■ **TASK BRIEF**
In the data below, find the line containing "Best deals on" and the line containing "Matsushita MPE-33R Replacement", then reproduce them and every line between, exactly. Omit pictures.

■ **DATASET EXCERPTS**
* * * * * * * * *

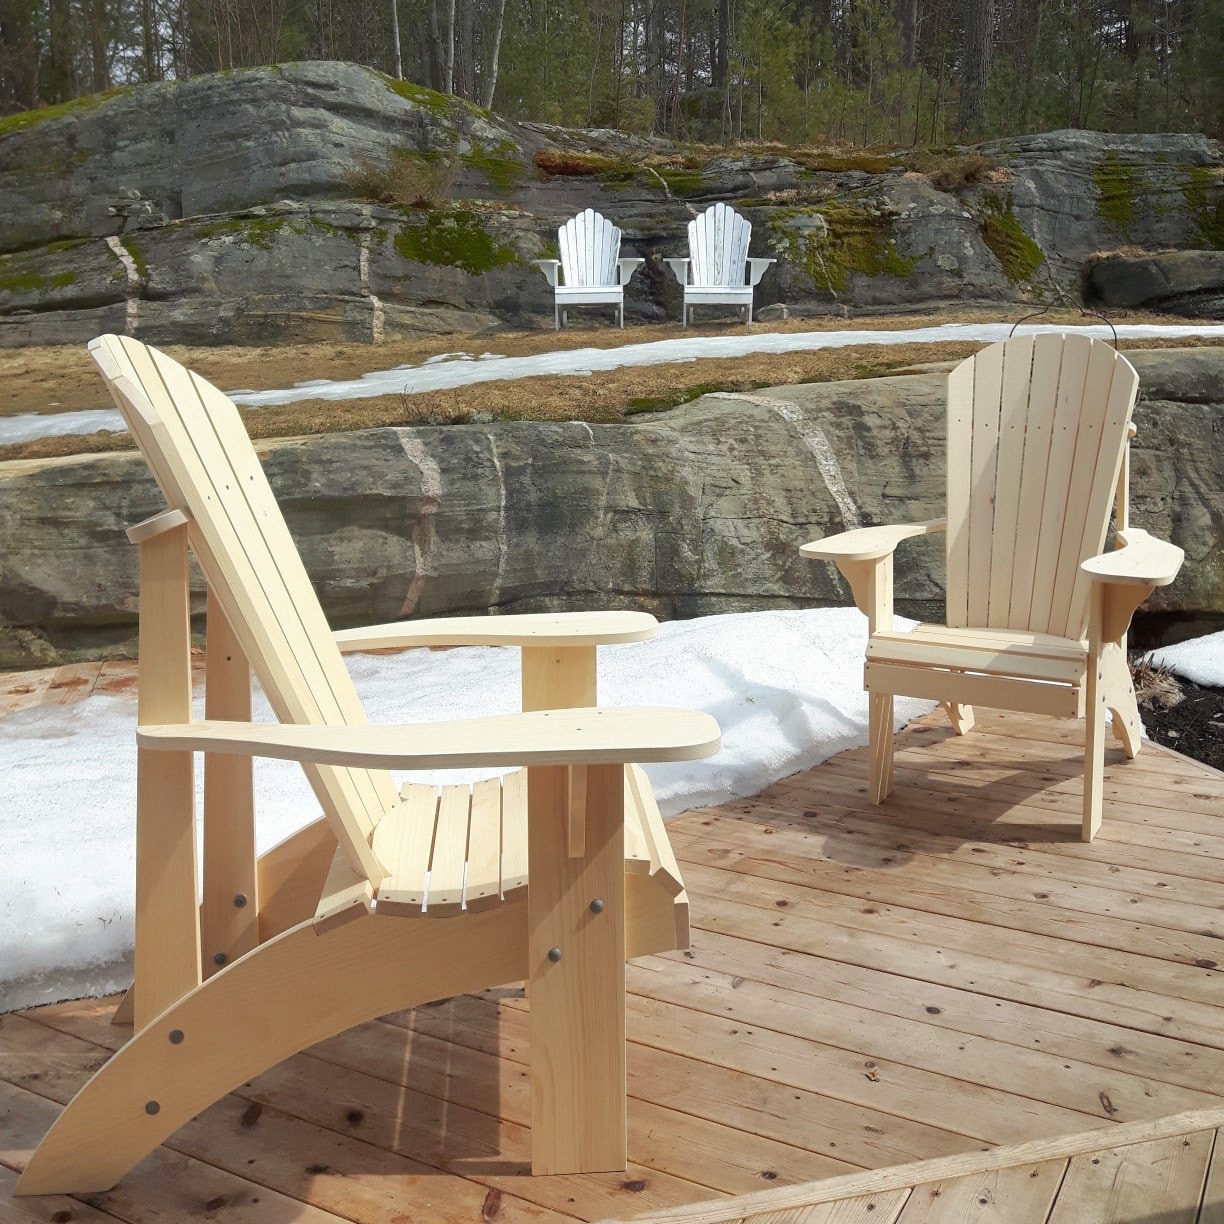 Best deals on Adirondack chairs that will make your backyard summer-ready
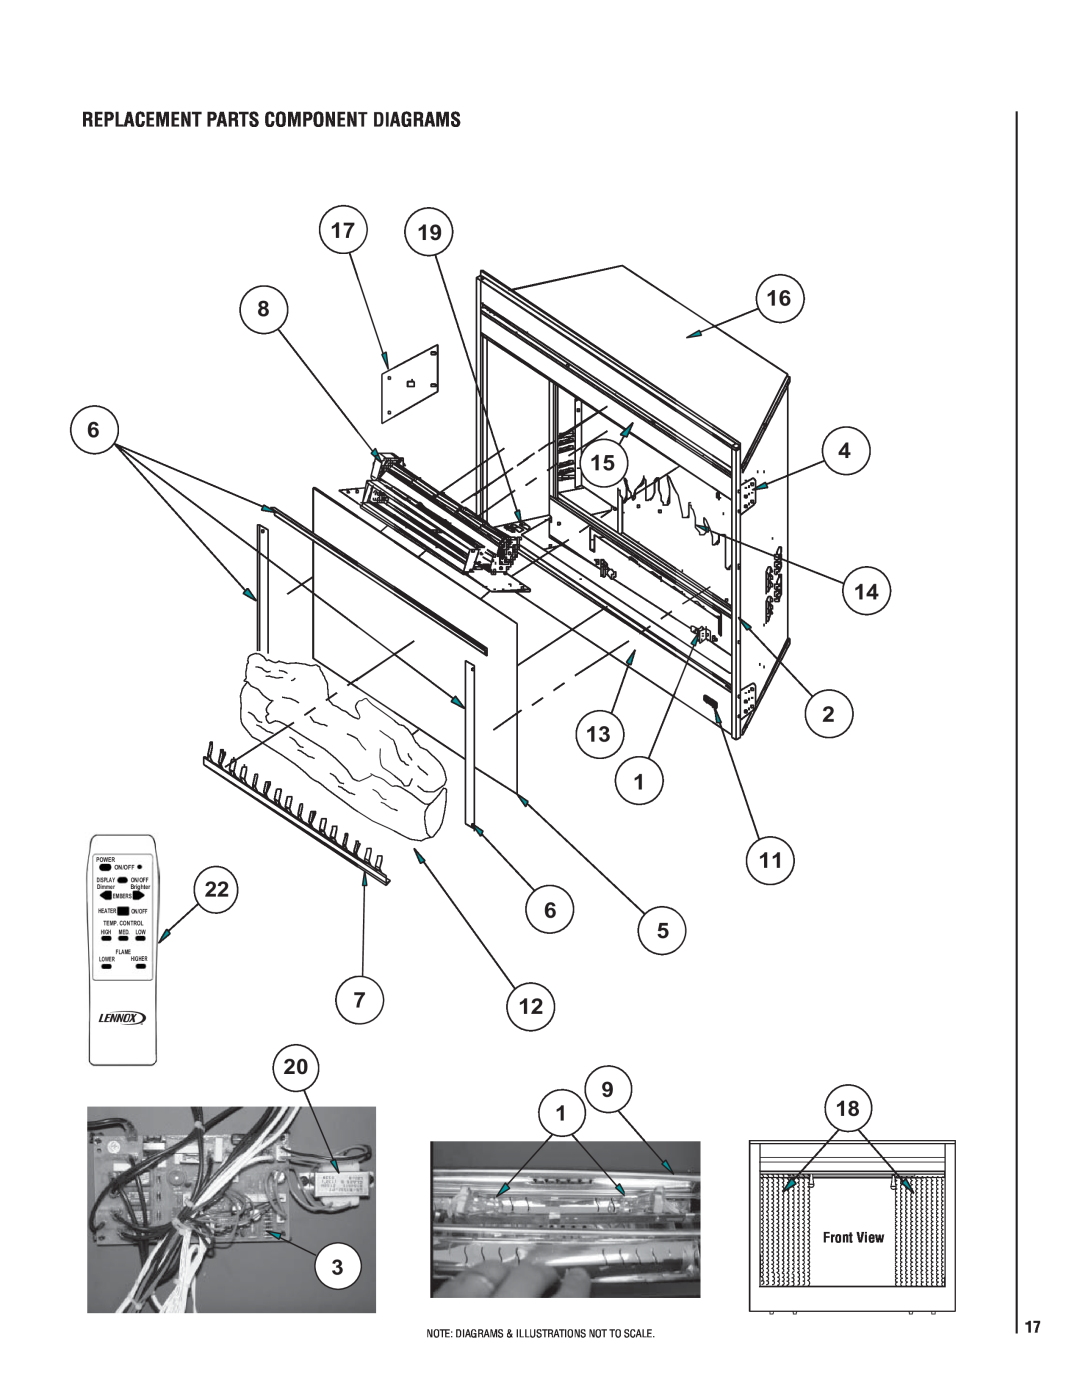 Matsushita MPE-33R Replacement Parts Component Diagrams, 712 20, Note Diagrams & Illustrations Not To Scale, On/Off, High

* * * * * * * * *

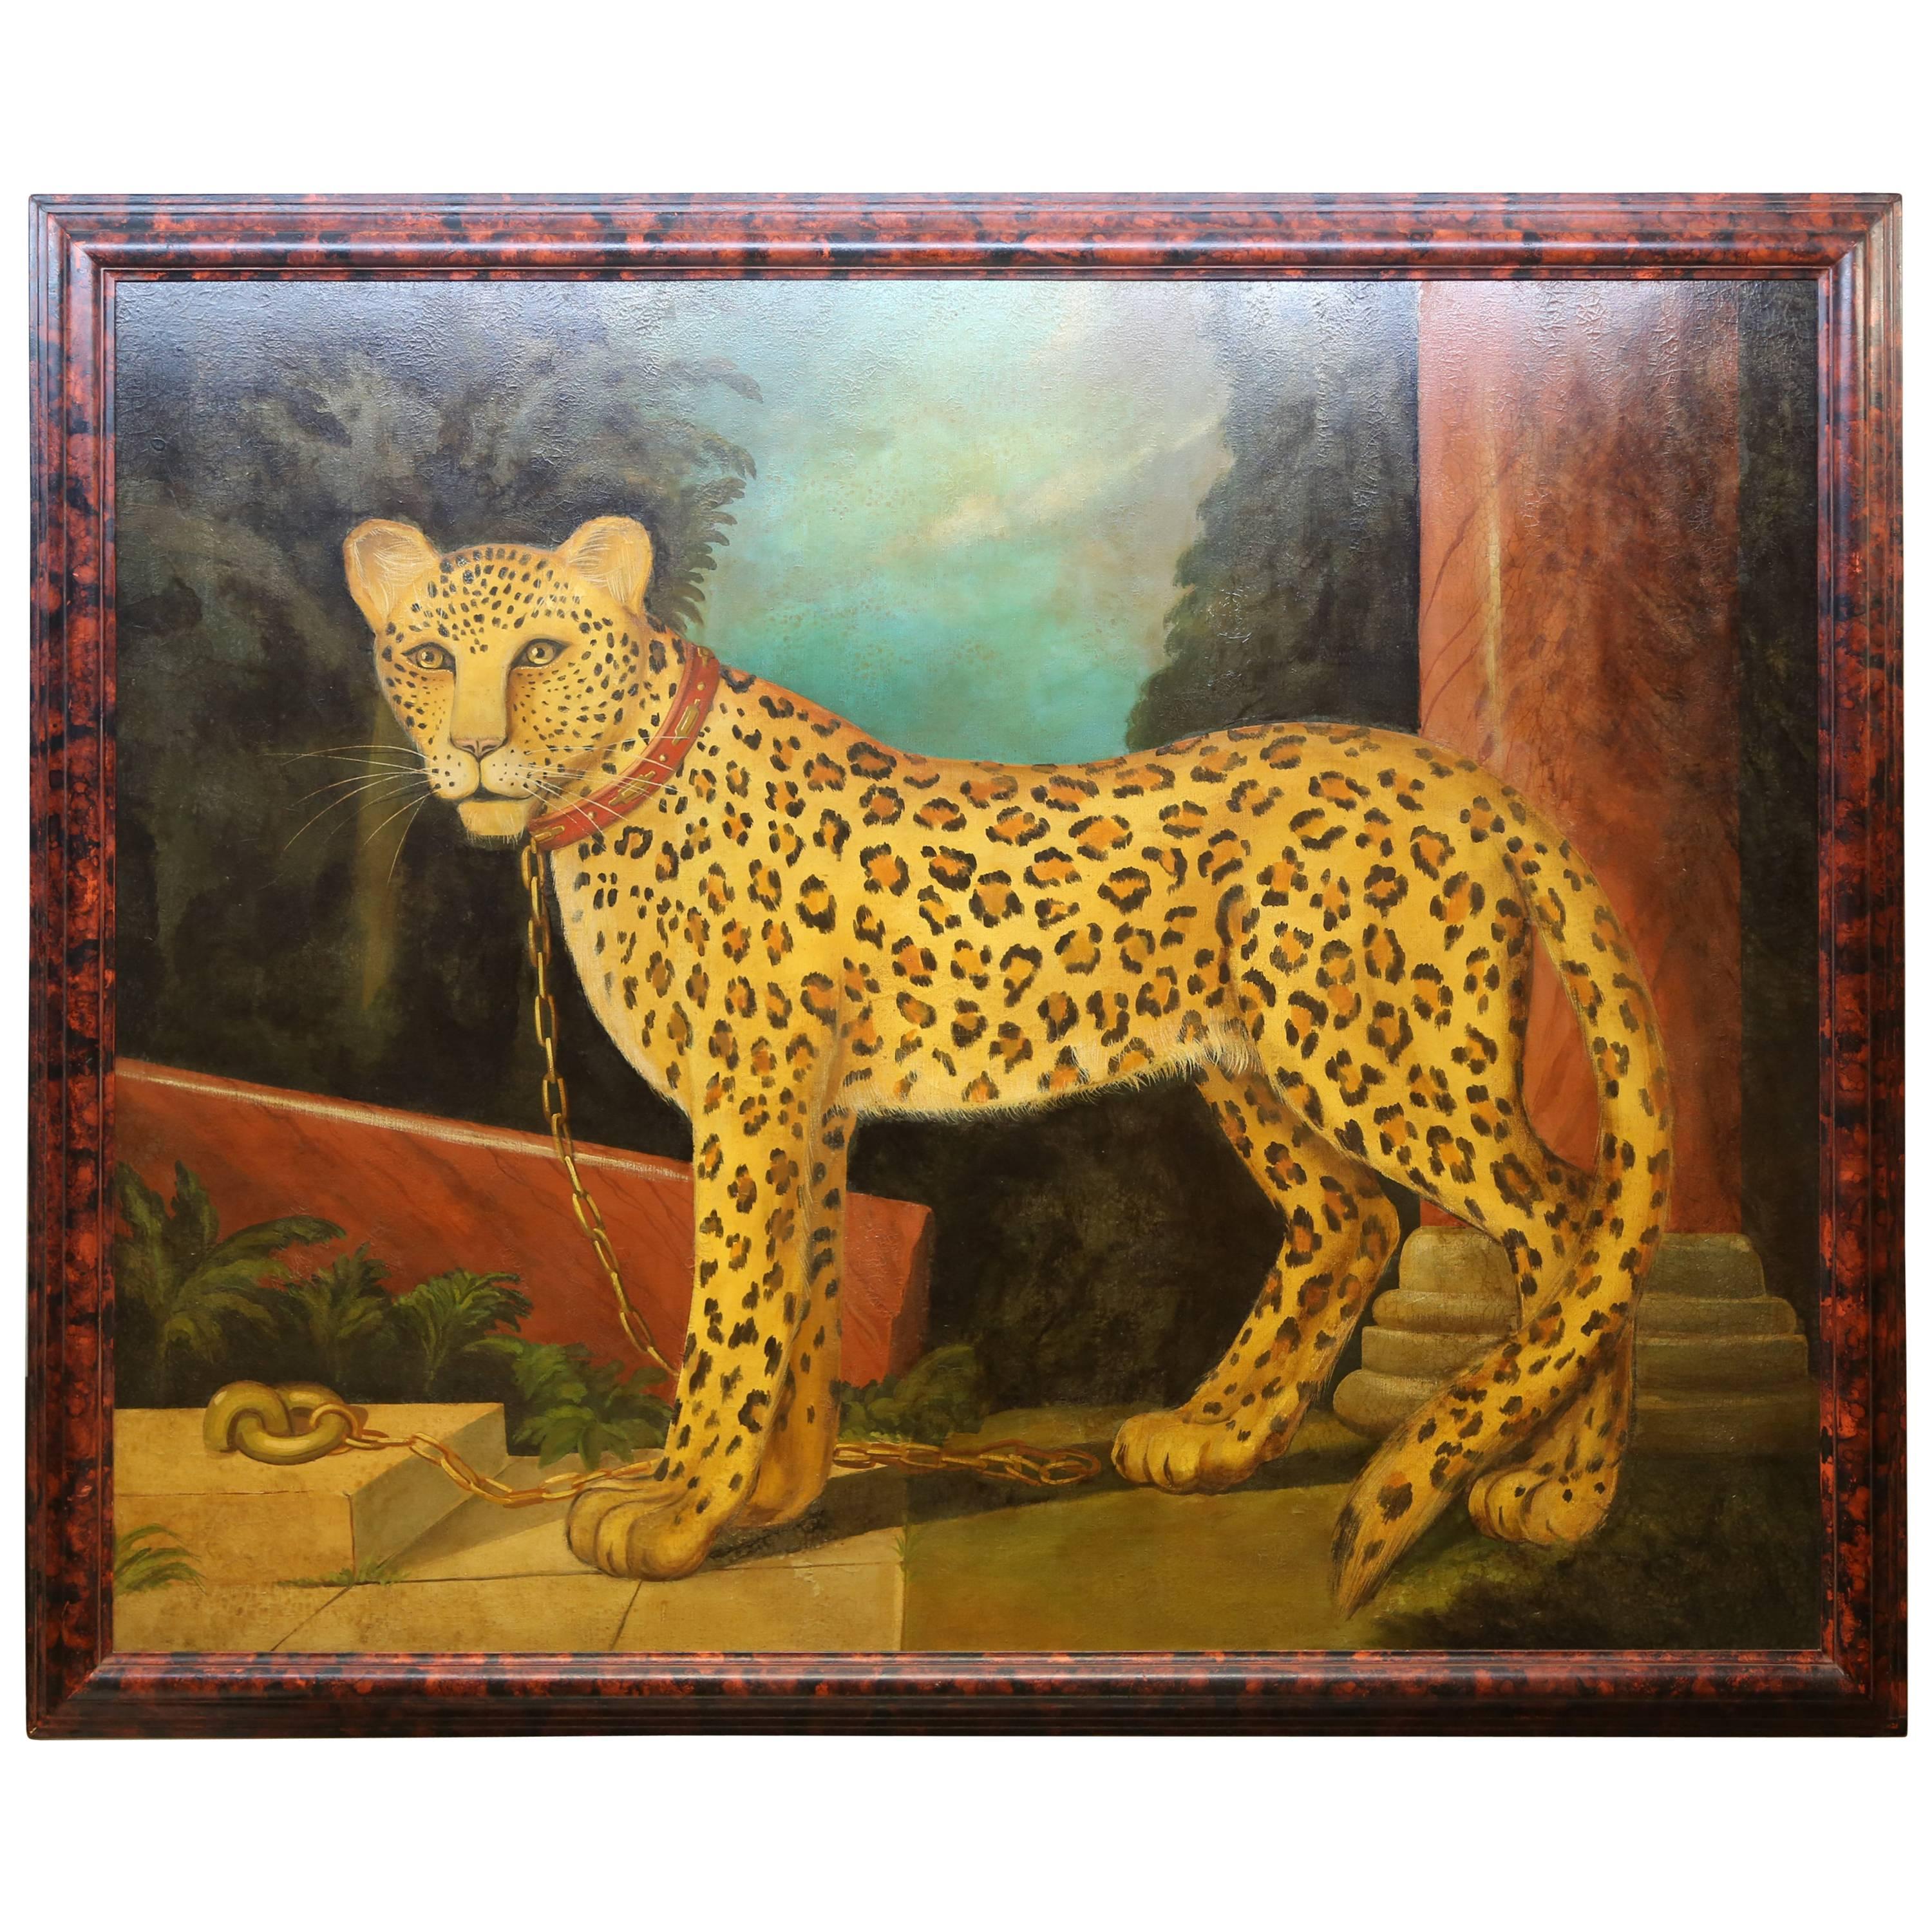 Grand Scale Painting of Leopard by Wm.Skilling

* * * * * * * * *

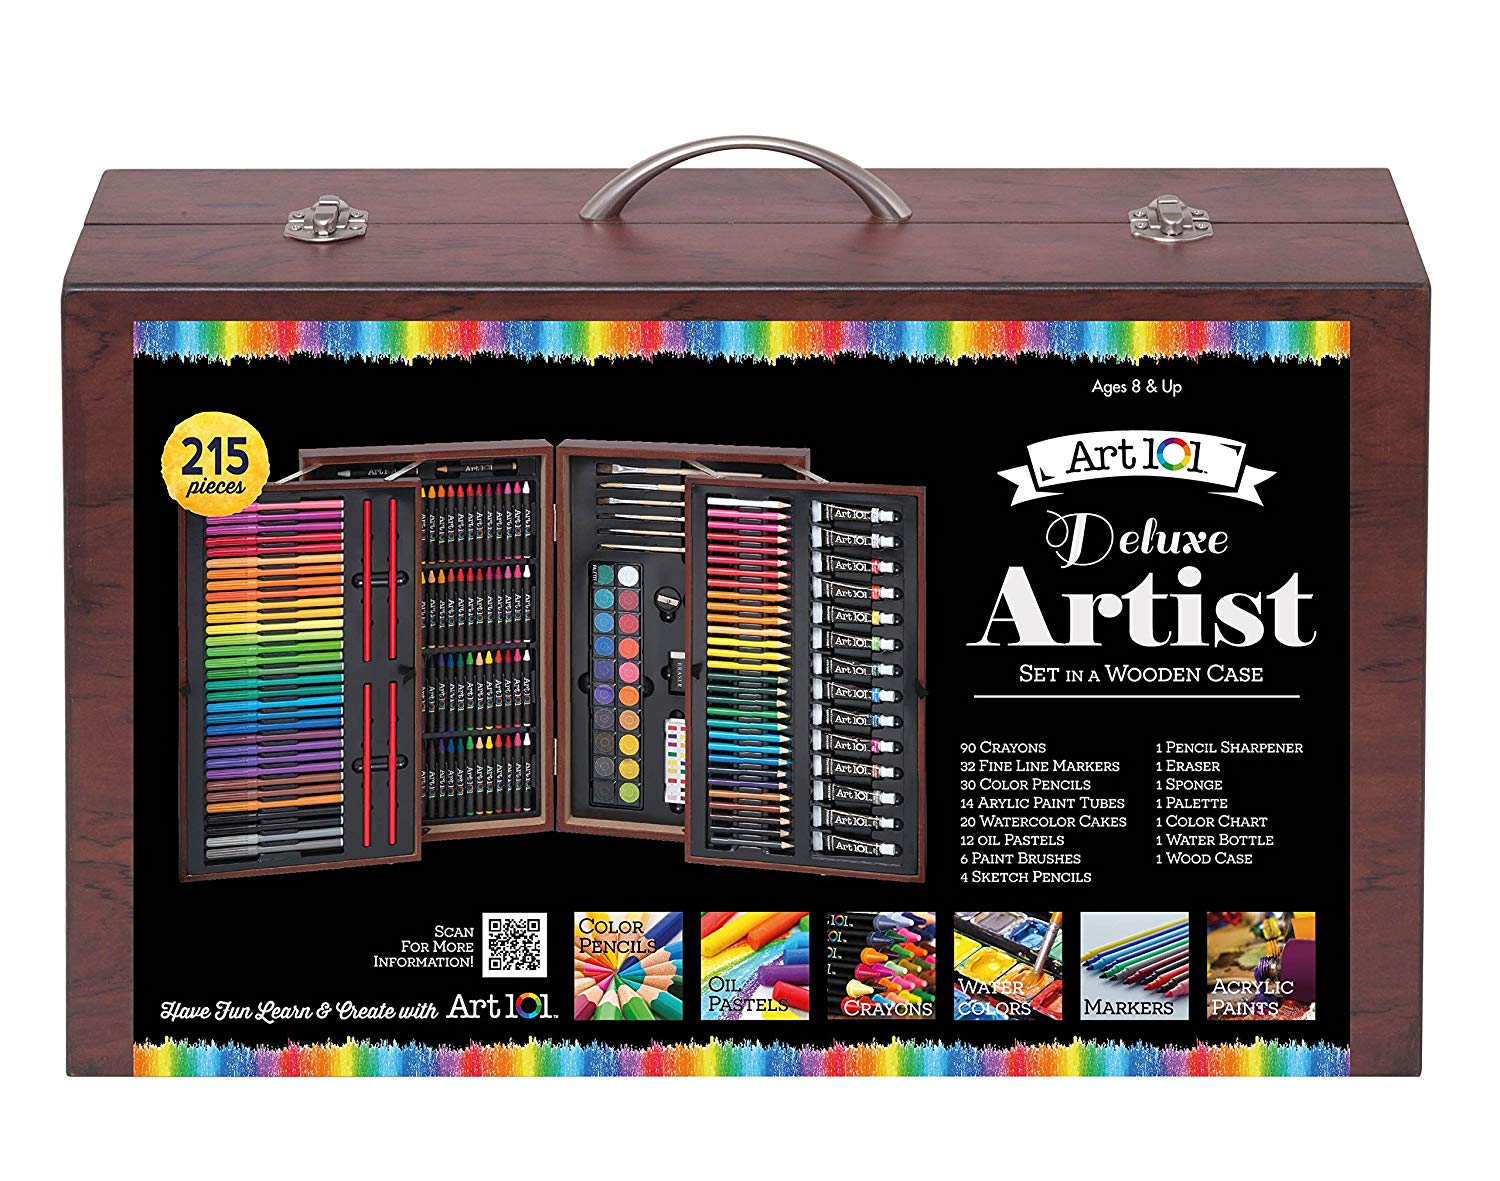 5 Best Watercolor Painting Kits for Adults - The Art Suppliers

* * * * * * * * *

■ **TASK ANSWER**
 Best deals on Adirondack chairs that will make your backyard summer-ready
 Matsushita MPE-33R Replacement Parts Component Diagrams, 712 20, Note Diagrams & Illustrations Not To Scale, On/Off, High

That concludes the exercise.